Content starts
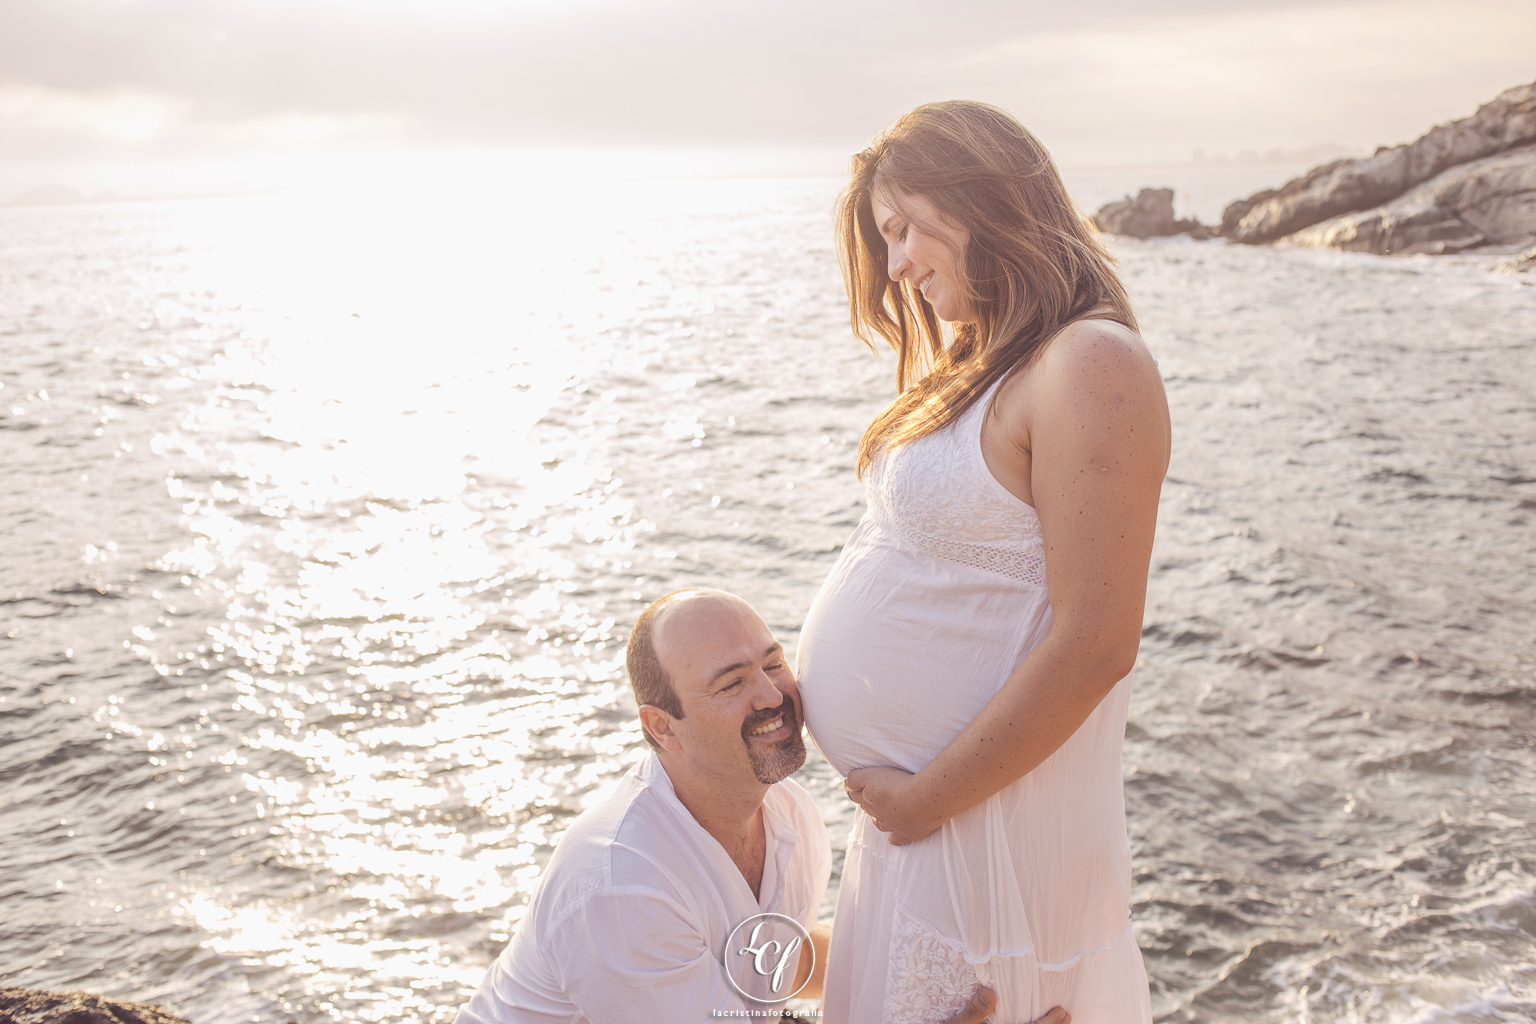 Fotógrafo embarazo Barcelona :: Fotógrafo embarazo playa :: Fotografía embarazada playa :: Fotógrafo costa brava :: Fotografía embarazada puesta de sol
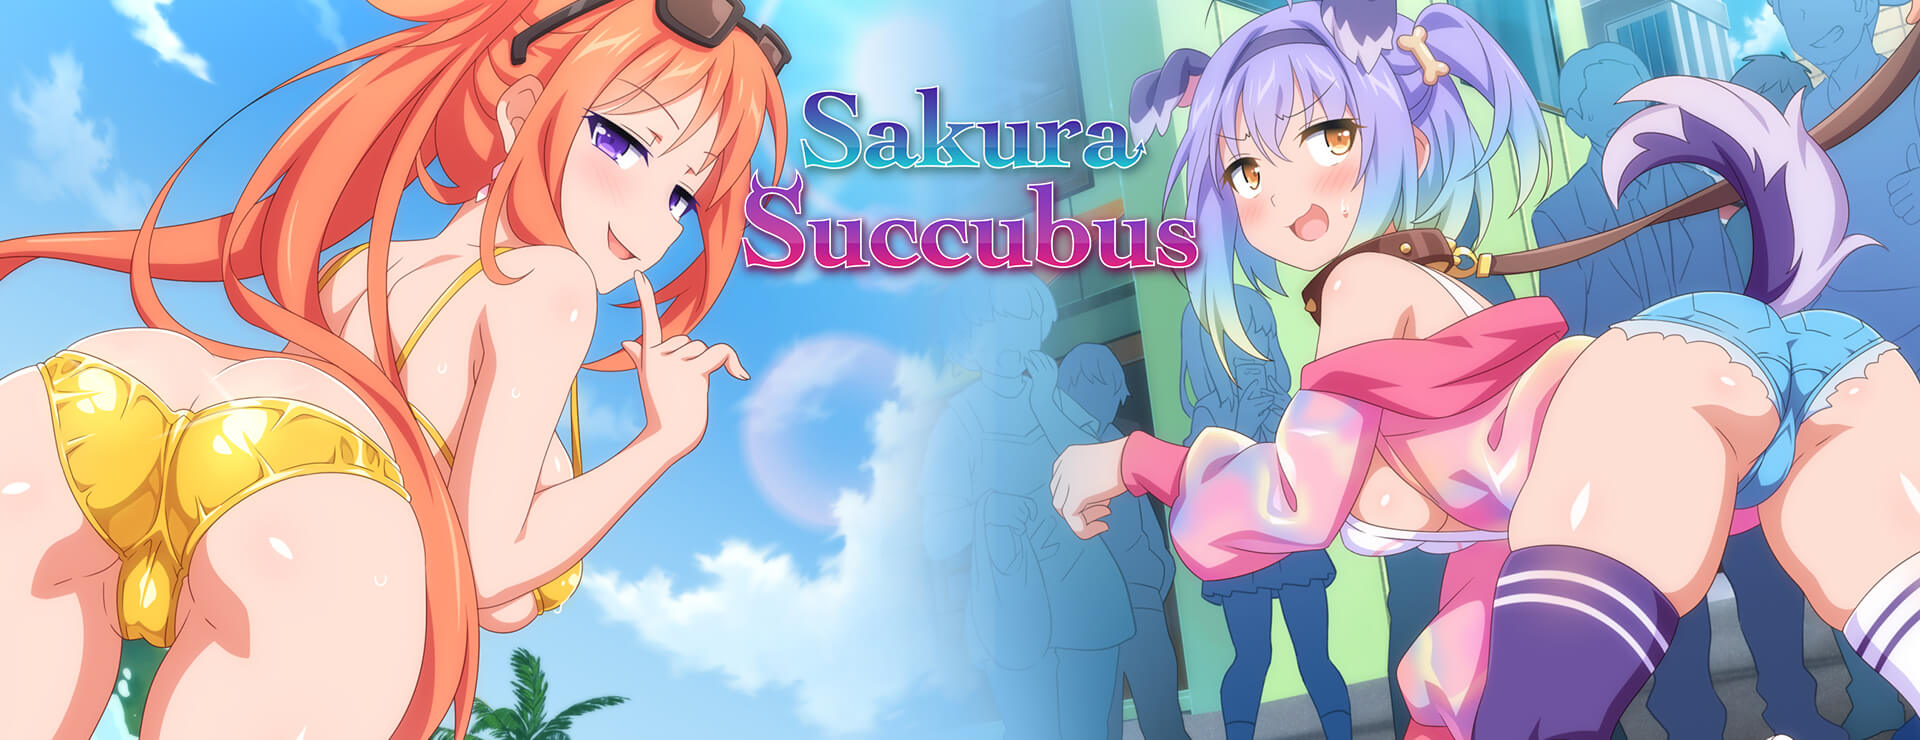 Sakura Succubus - Japanisches Adventure Spiel
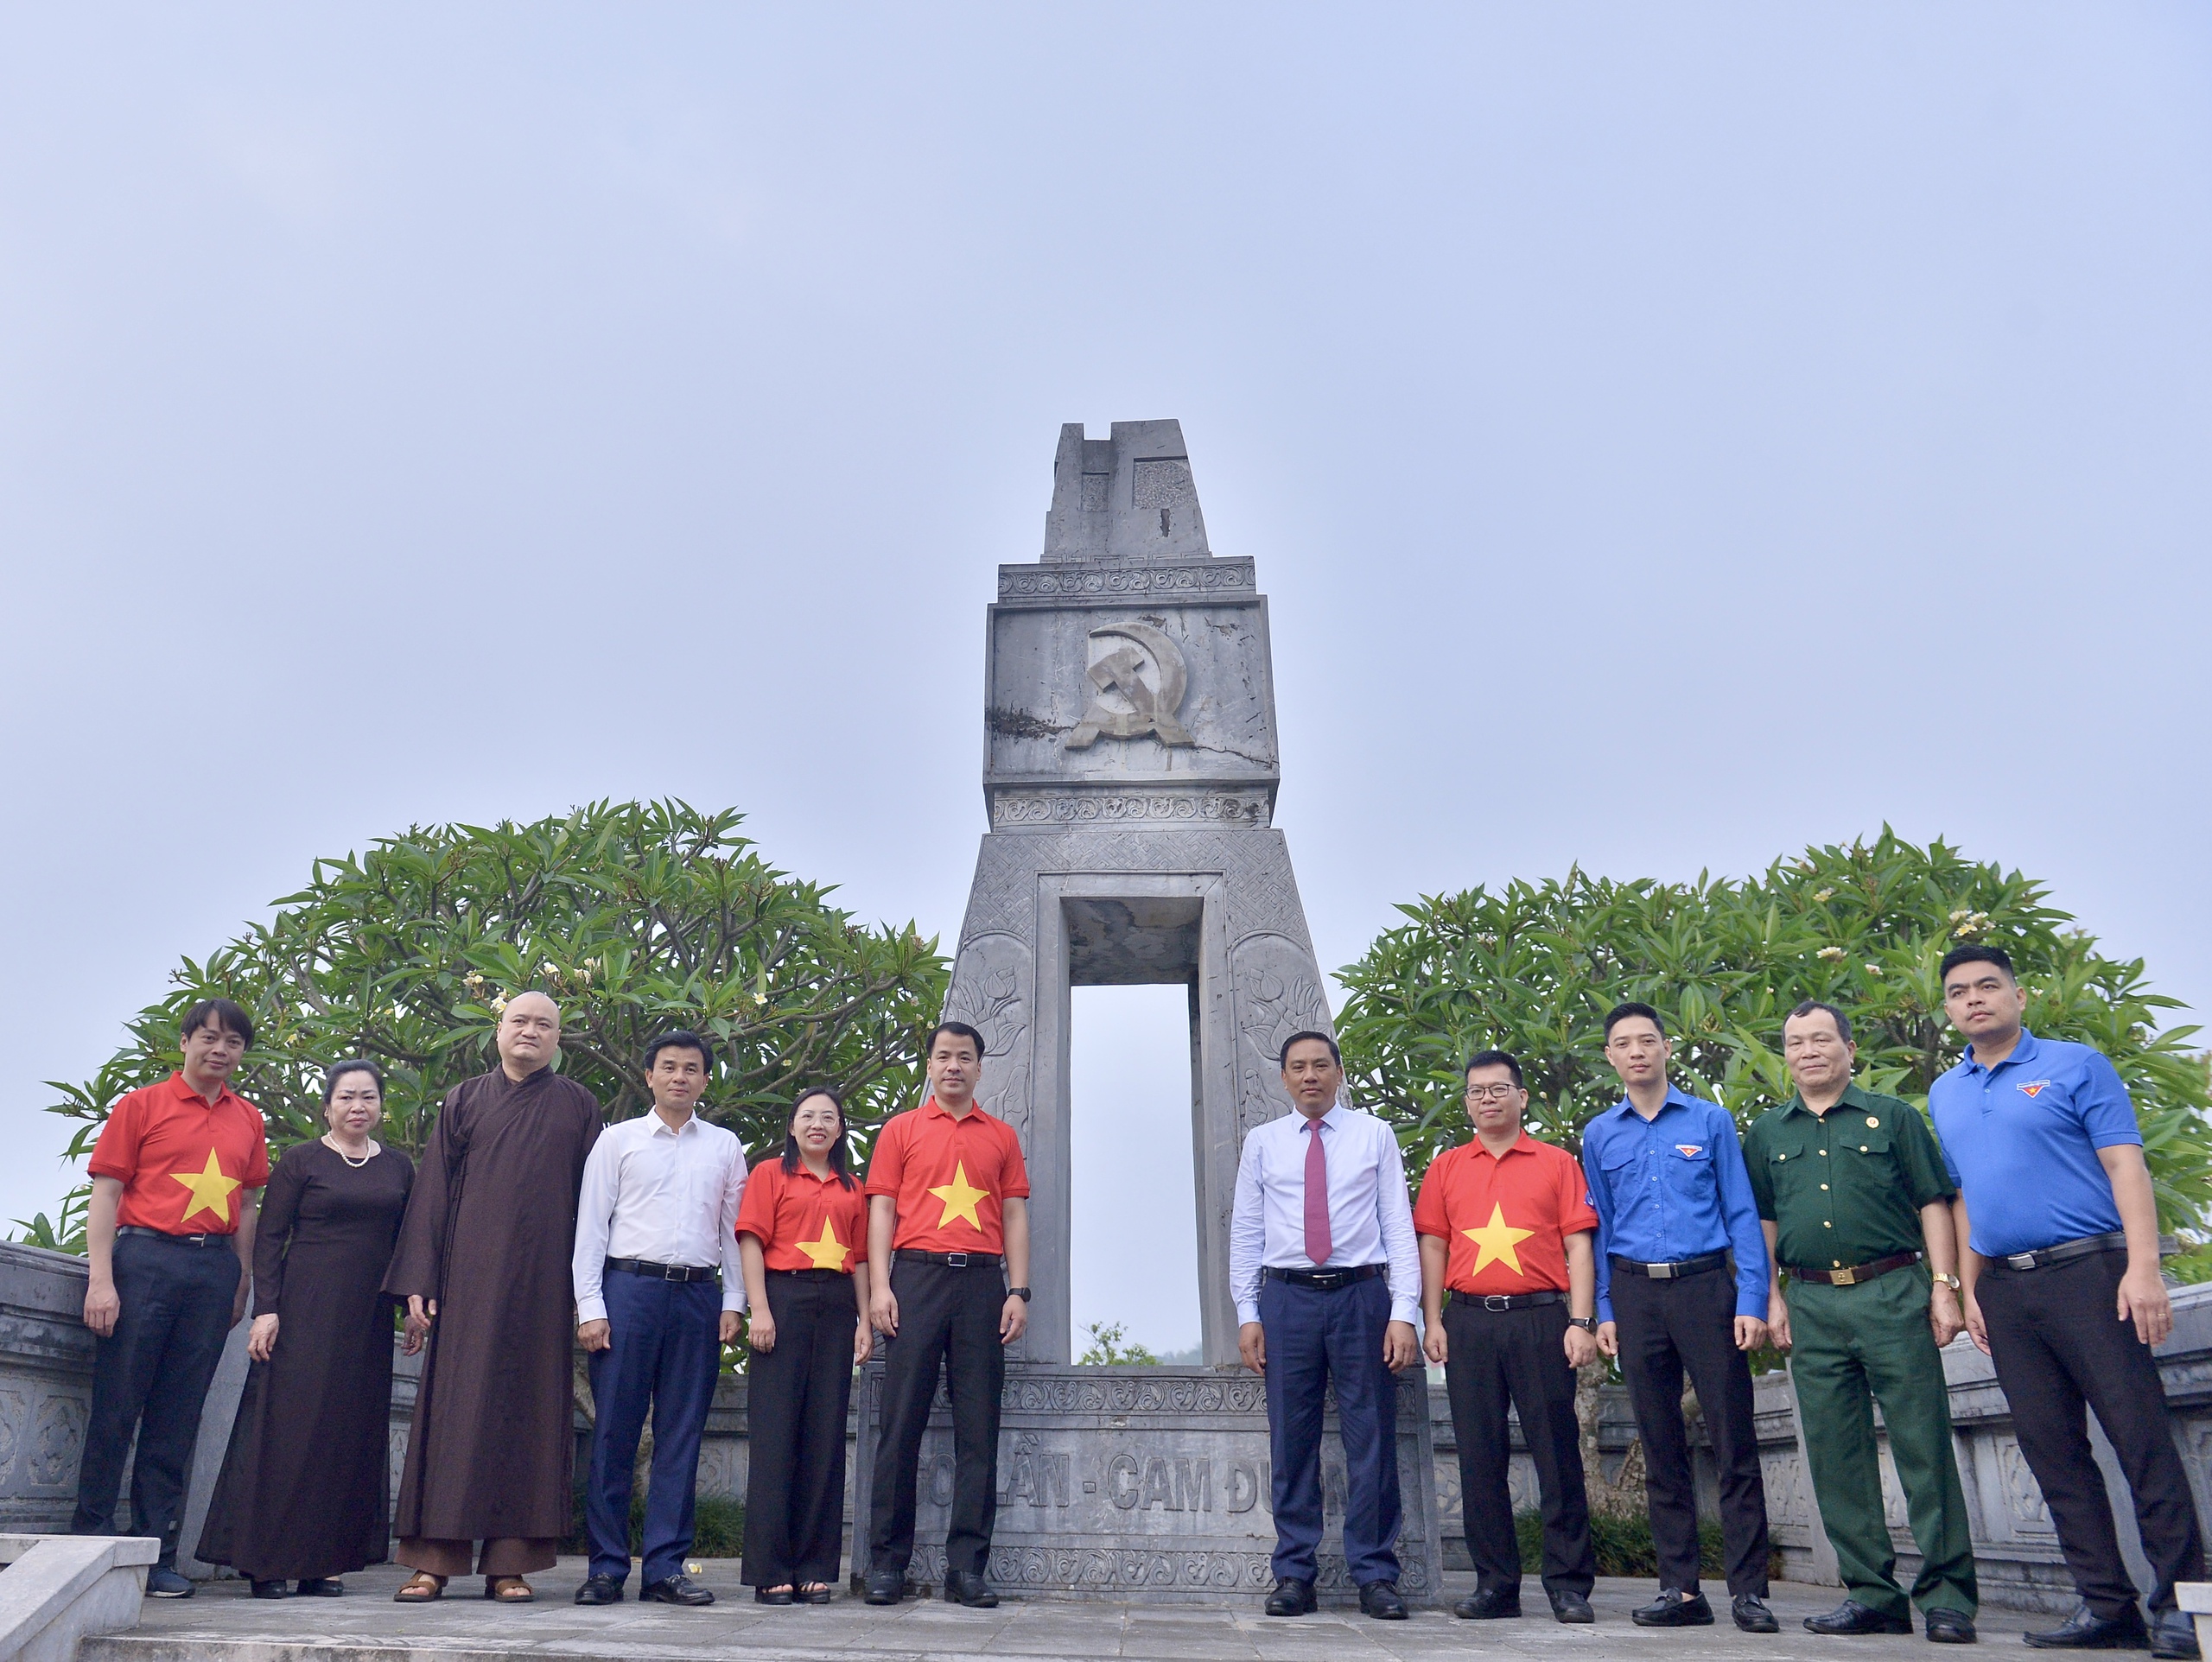 Bí thư T.Ư Đoàn Ngô Văn Cương và Phó bí thư Tỉnh ủy Lào Cai Hoàng Giang cùng các đại biểu chụp ảnh lưu niệm tại Khu di tích cách mạng Soi Lần
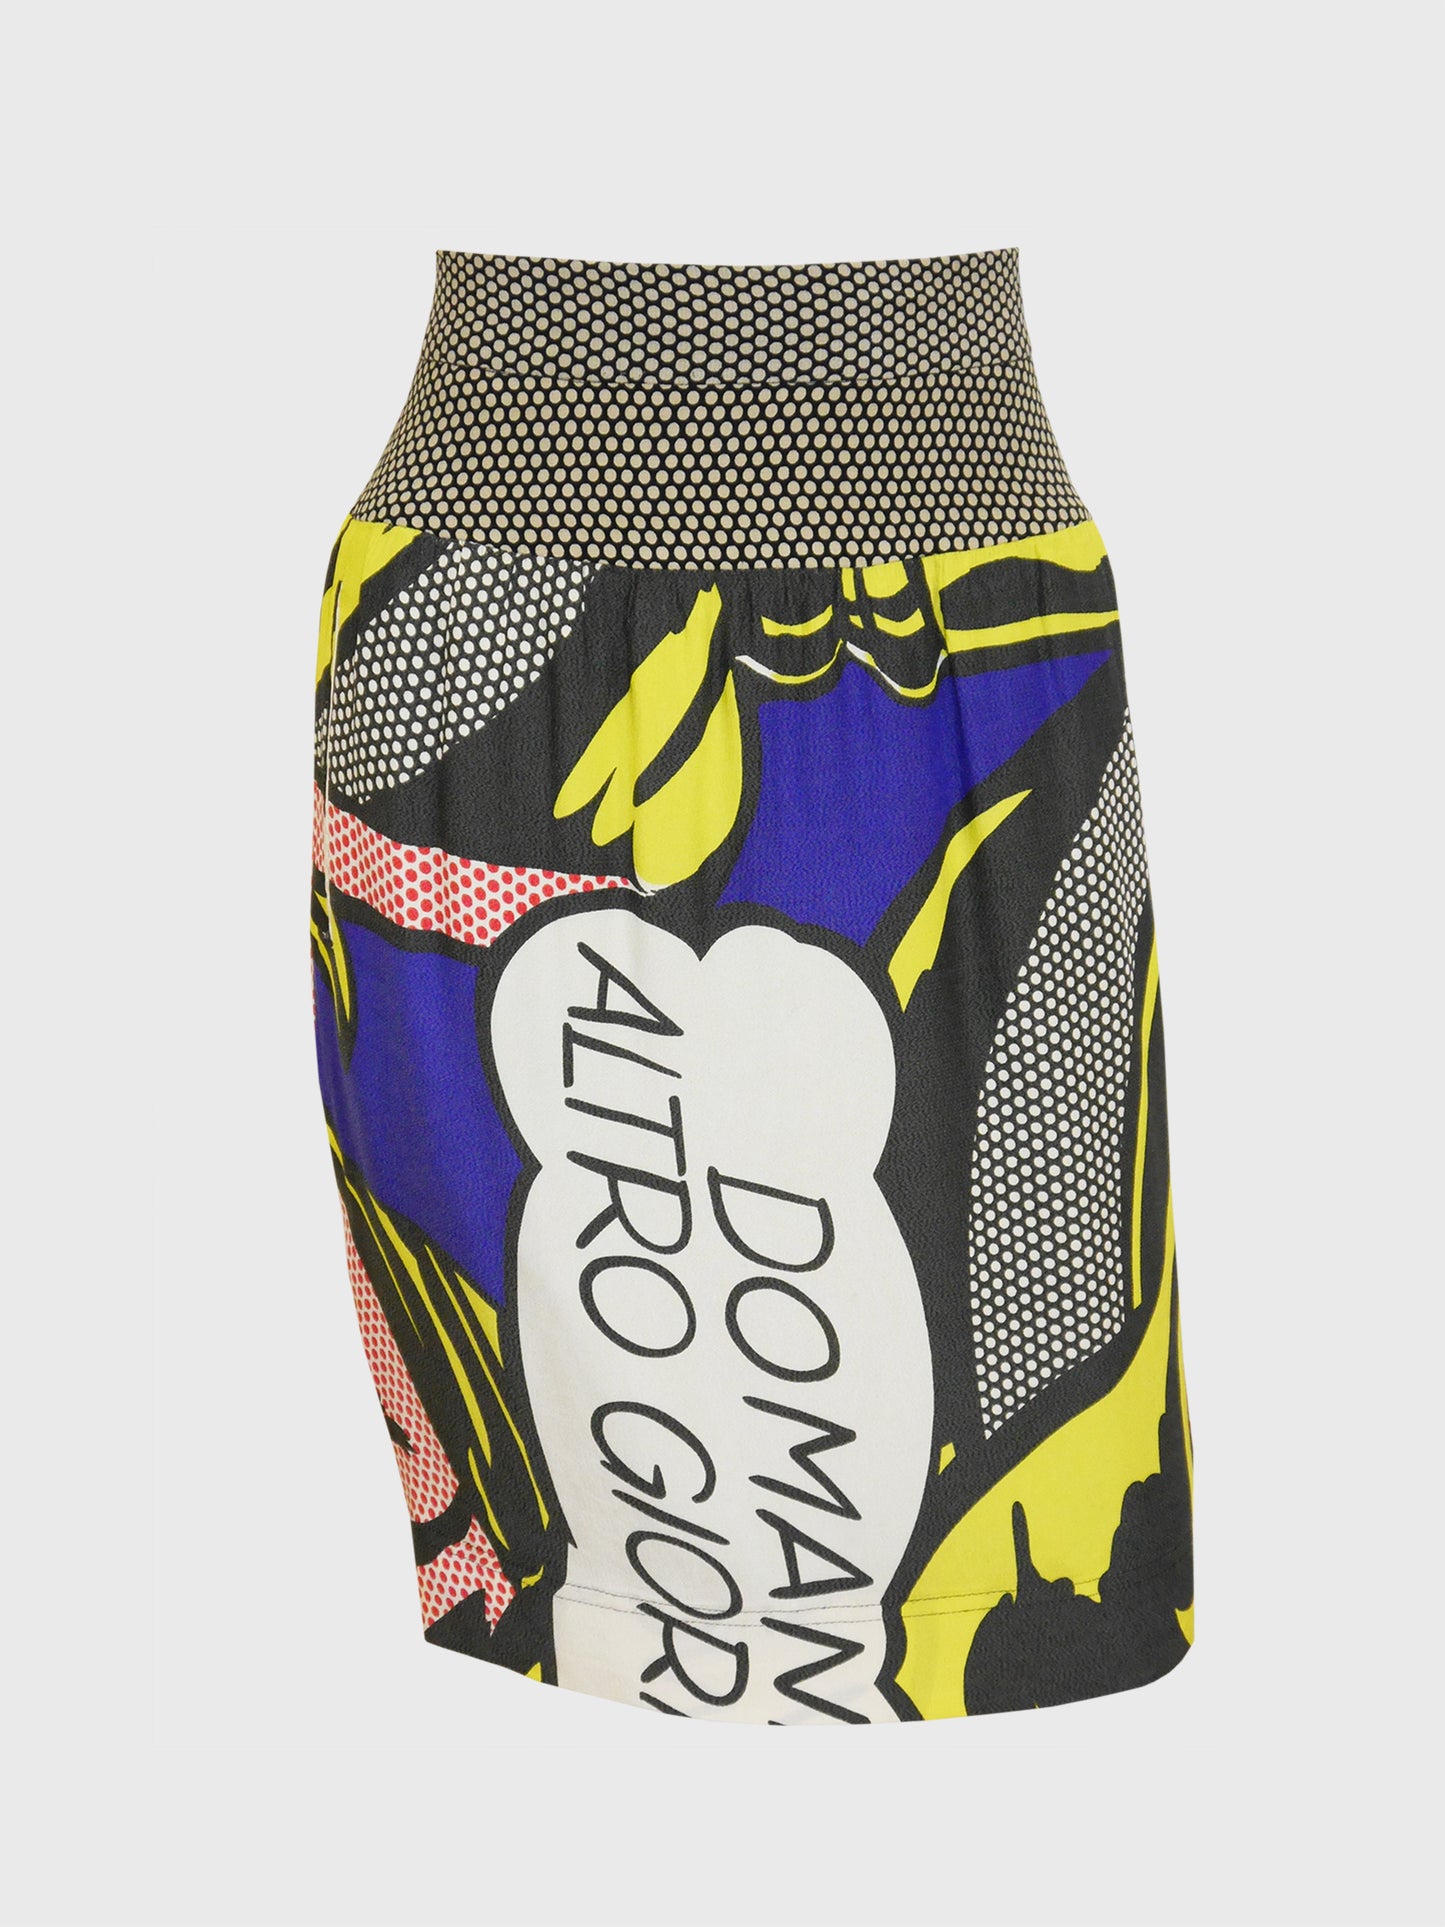 MOSCHINO Vintage Roy Lichtenstein "Girl with Hair Ribbon" Pop Art Print Skirt
Content ends
## Aim of the exercise
Please retype, exactly as they appear, the lines from the one with "Bí thư T.Ư Đoàn" through the final line of the material, both included, and drop any pictures.

## Output for this exercise
 Bí thư T.Ư Đoàn Ngô Văn Cương và Phó bí thư Tỉnh ủy Lào Cai Hoàng Giang cùng các đại biểu chụp ảnh lưu niệm tại Khu di tích cách mạng Soi Lần
 MOSCHINO Vintage Roy Lichtenstein "Girl with Hair Ribbon" Pop Art Print Skirt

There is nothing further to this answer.